Please give back, exactly as written, the lines from the line with "knuffel Vakantie Vervuild" to the line with "Cat Silhouette Wall" in the listing below, leaving out all pictures.

::: Supplied records

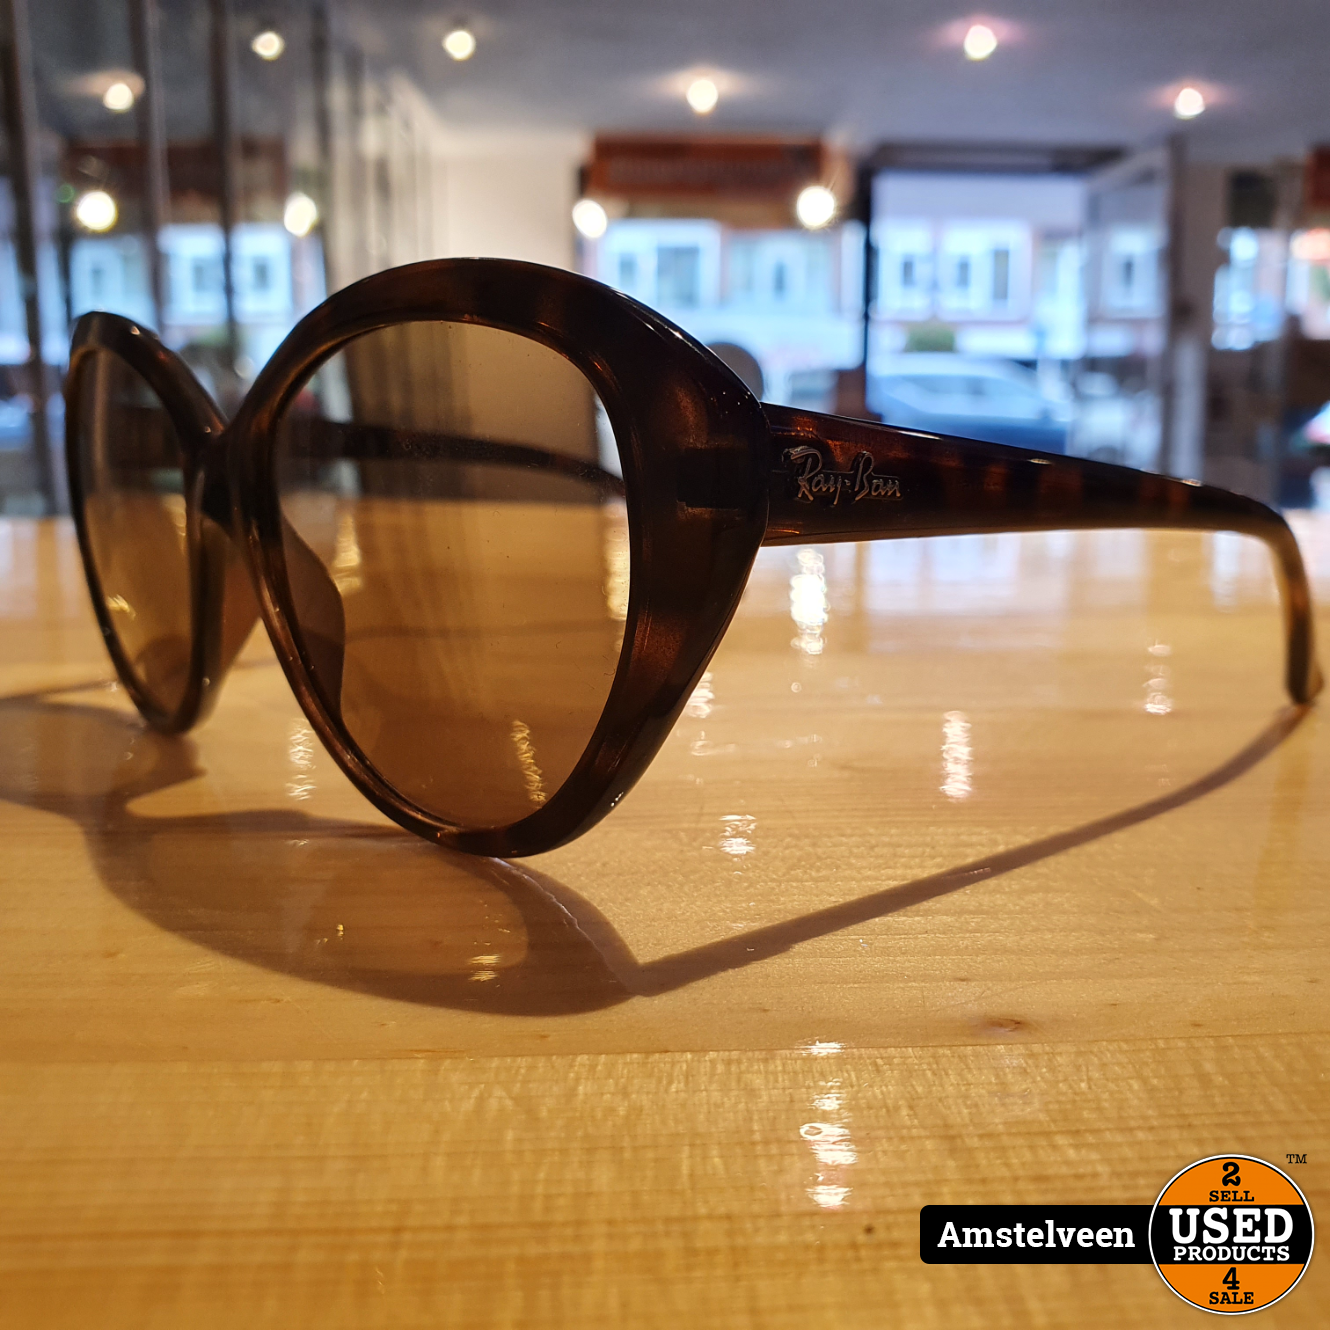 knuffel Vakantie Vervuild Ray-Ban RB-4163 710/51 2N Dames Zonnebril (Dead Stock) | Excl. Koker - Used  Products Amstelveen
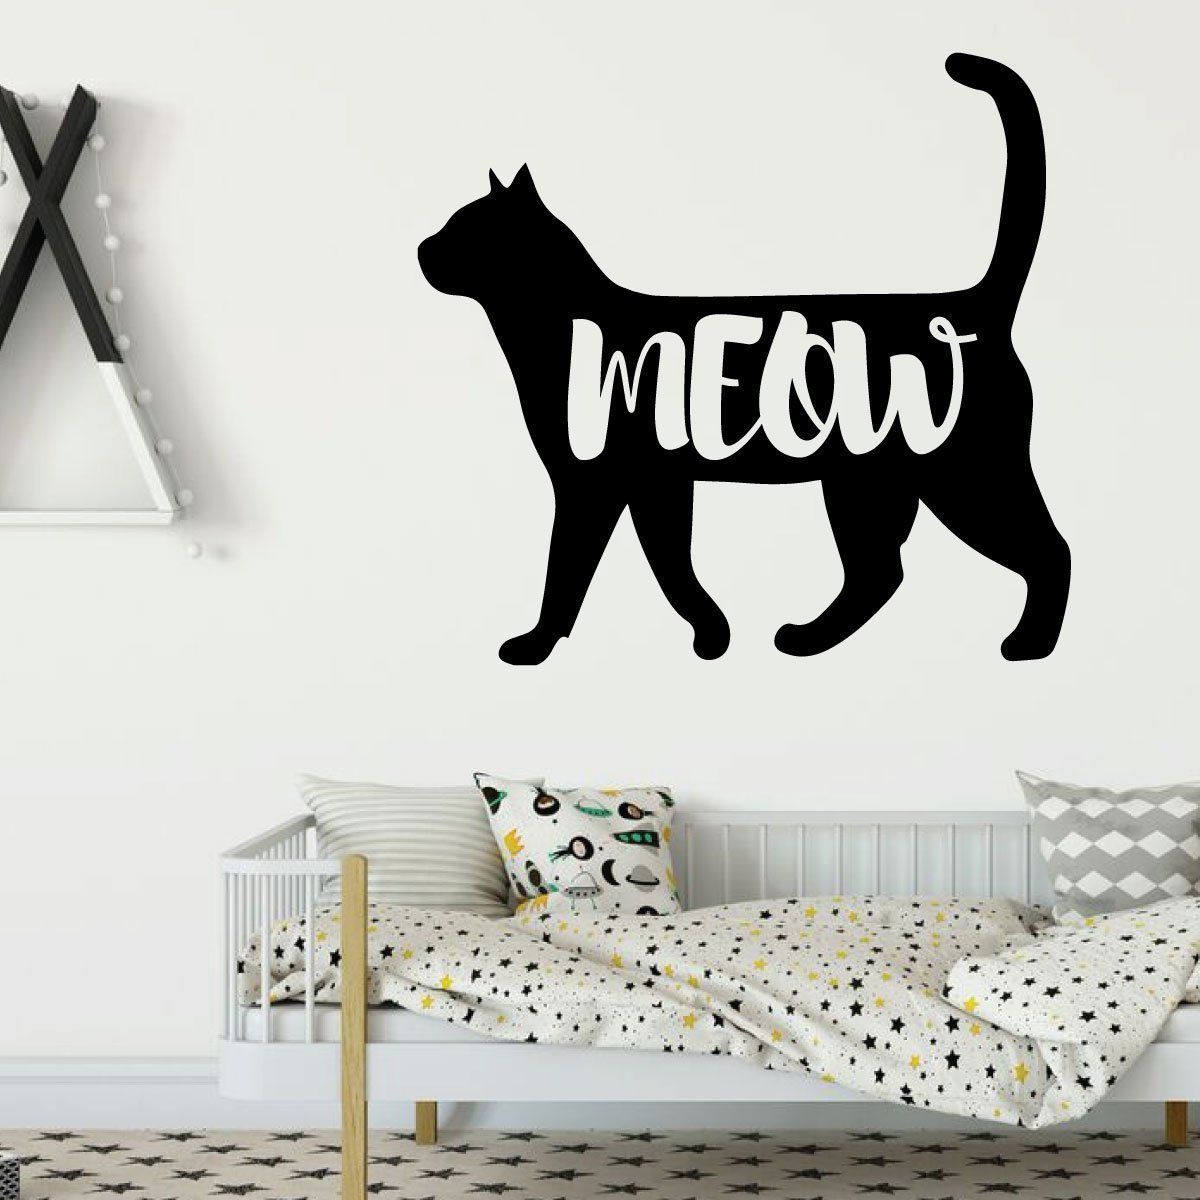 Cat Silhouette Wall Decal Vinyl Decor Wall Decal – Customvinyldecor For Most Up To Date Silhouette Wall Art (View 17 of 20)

::::::
::: Supplied records

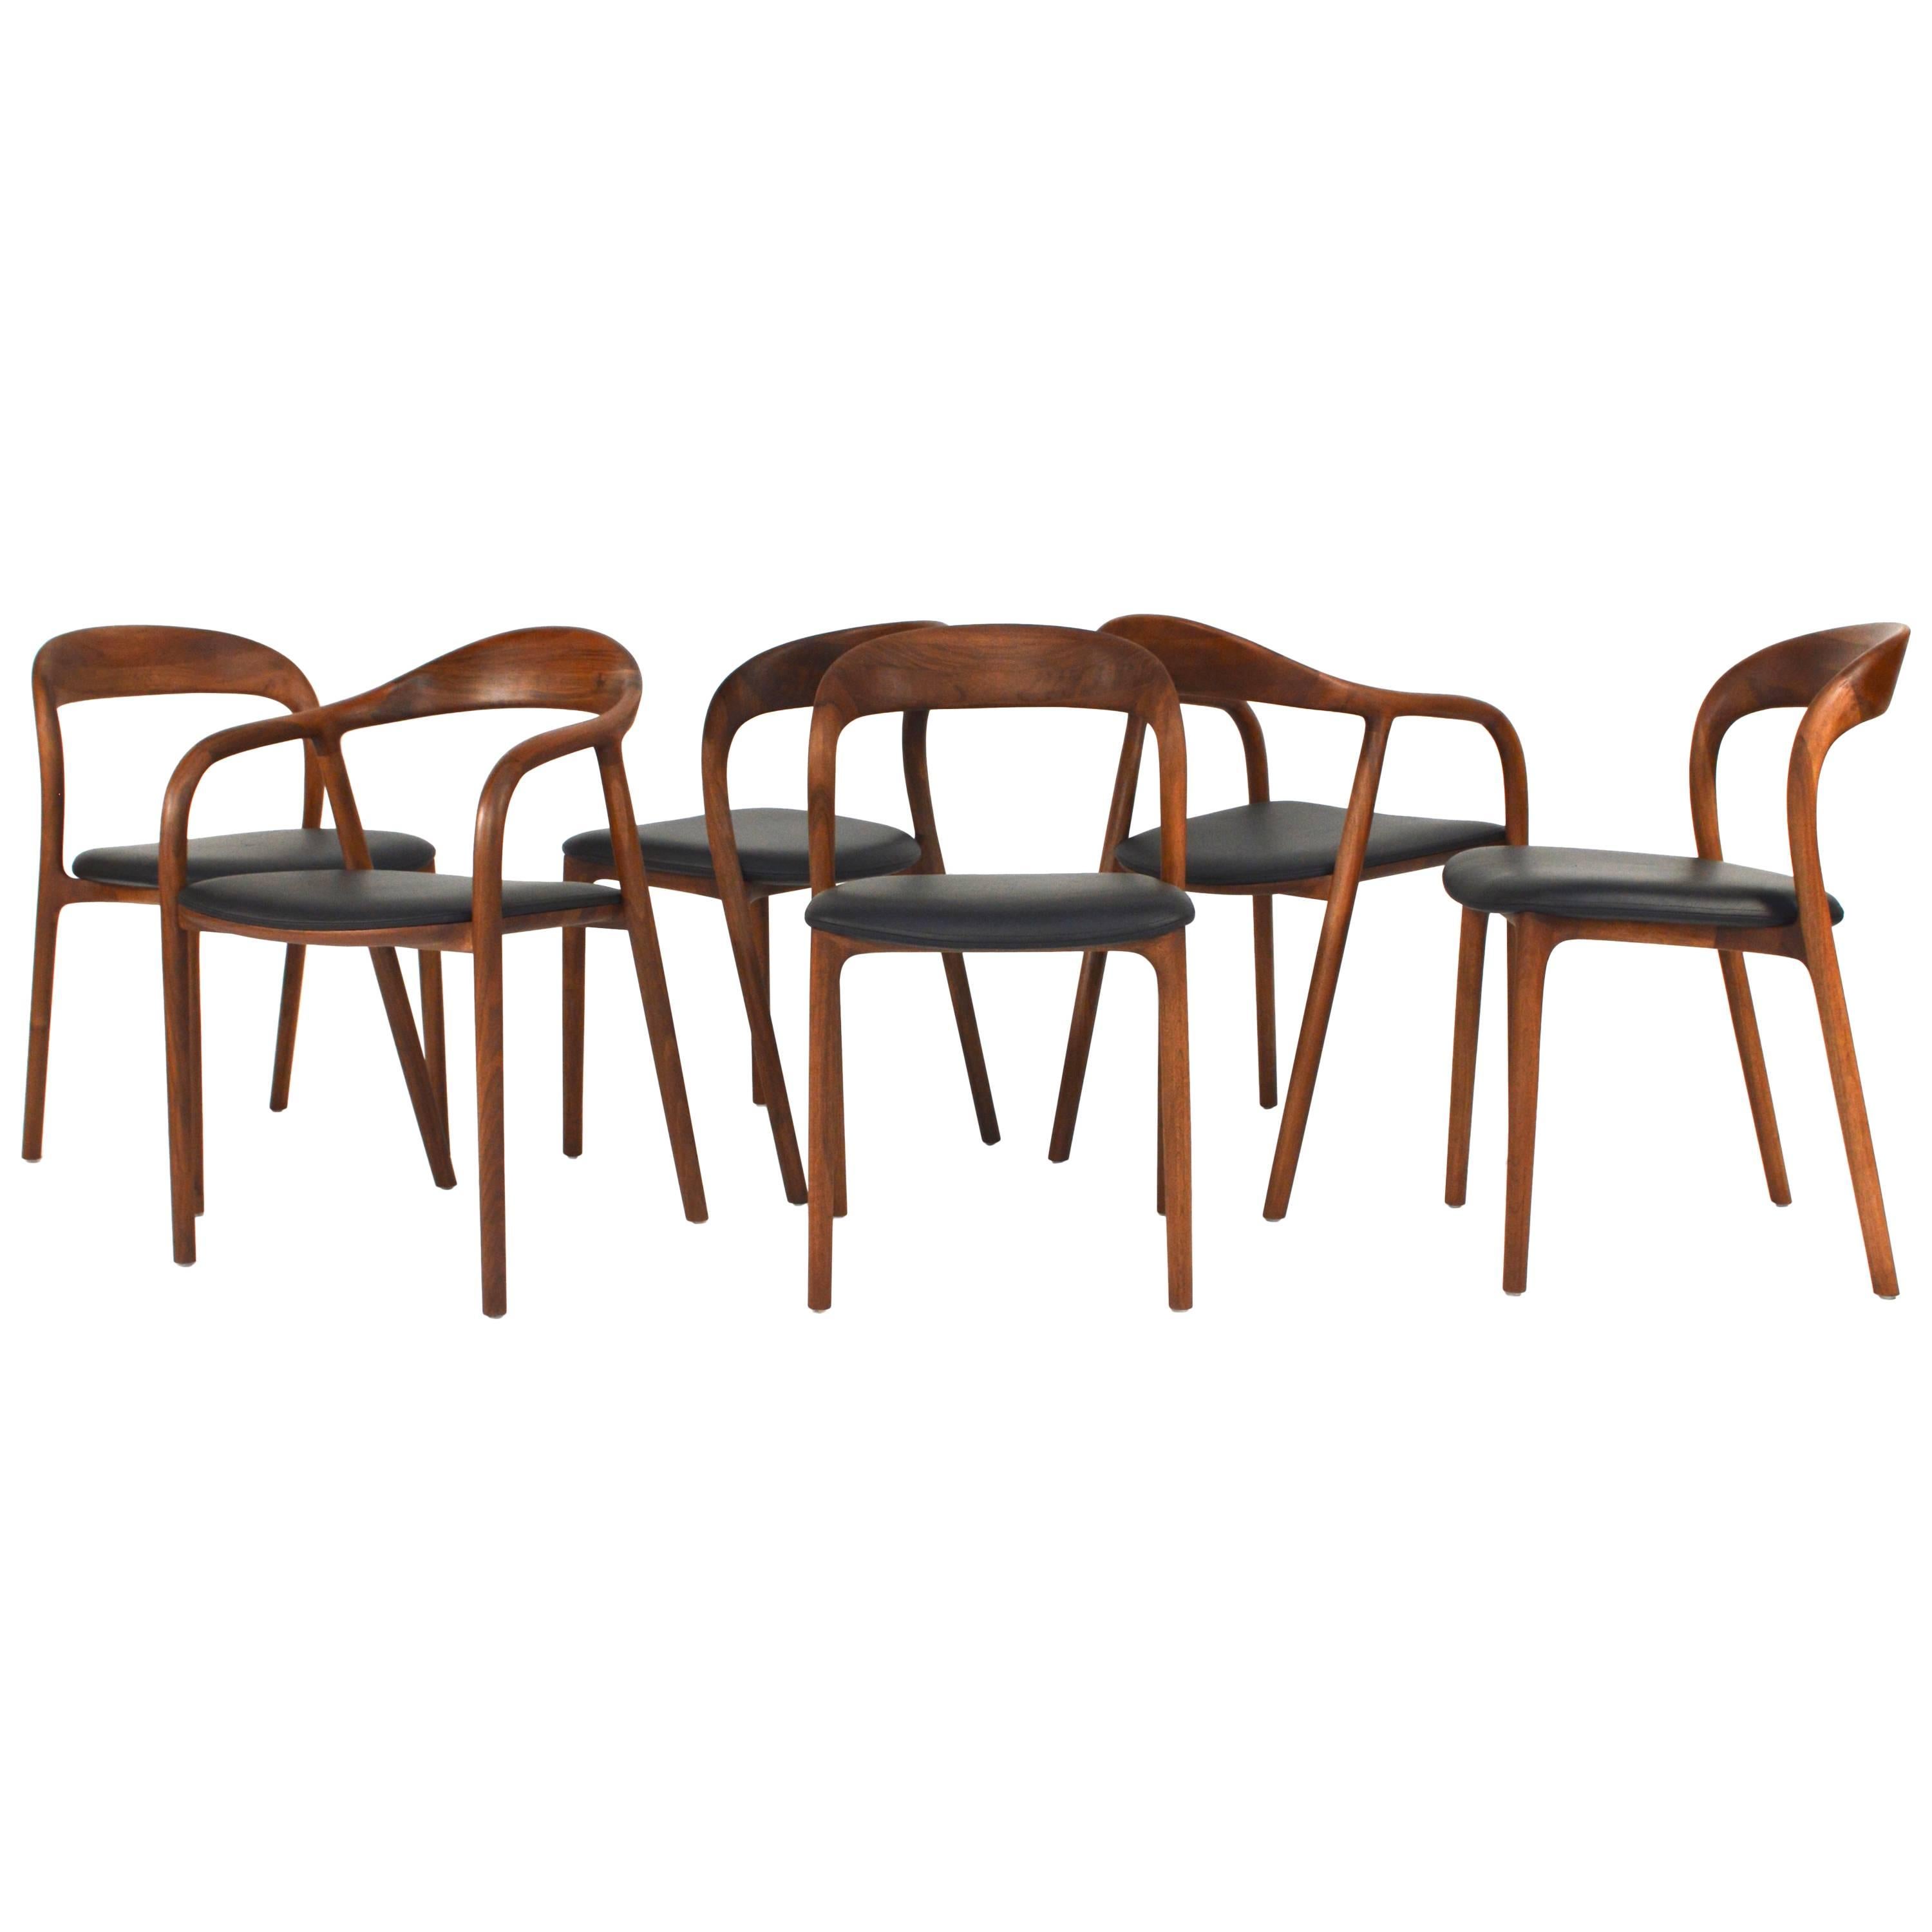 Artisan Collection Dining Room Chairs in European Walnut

::::::
::: Supplied records

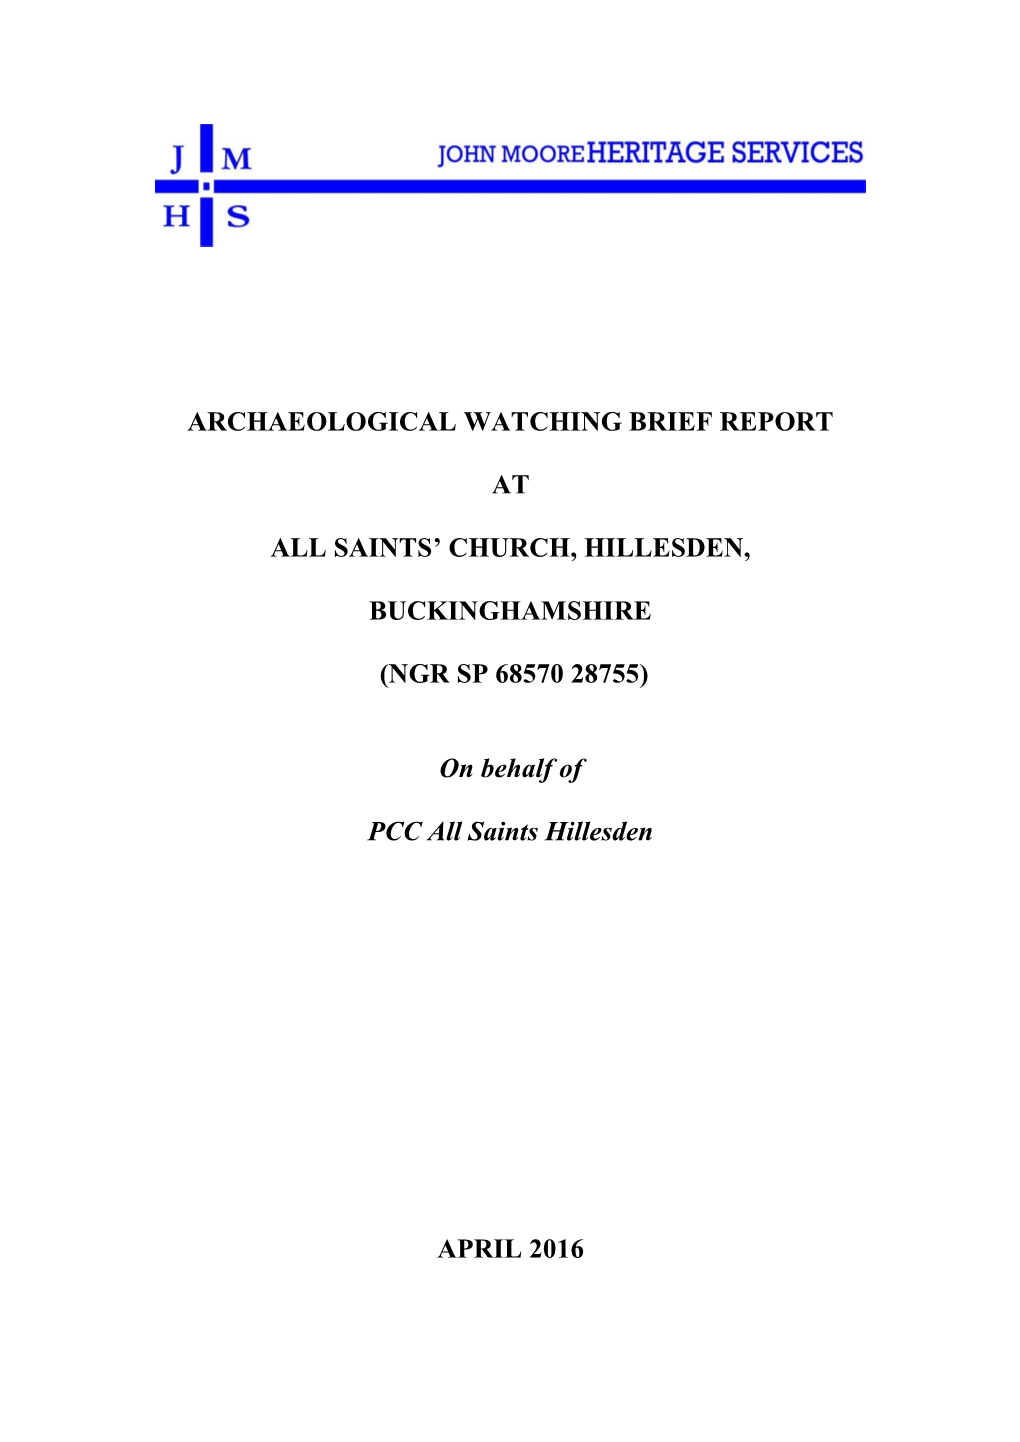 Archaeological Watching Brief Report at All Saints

::::::

◆ **Exercise solution**:
 knuffel Vakantie Vervuild Ray-Ban RB-4163 710/51 2N Dames Zonnebril (Dead Stock) | Excl. Koker - Used  Products Amstelveen
 Cat Silhouette Wall Decal Vinyl Decor Wall Decal – Customvinyldecor For Most Up To Date Silhouette Wall Art (View 17 of 20)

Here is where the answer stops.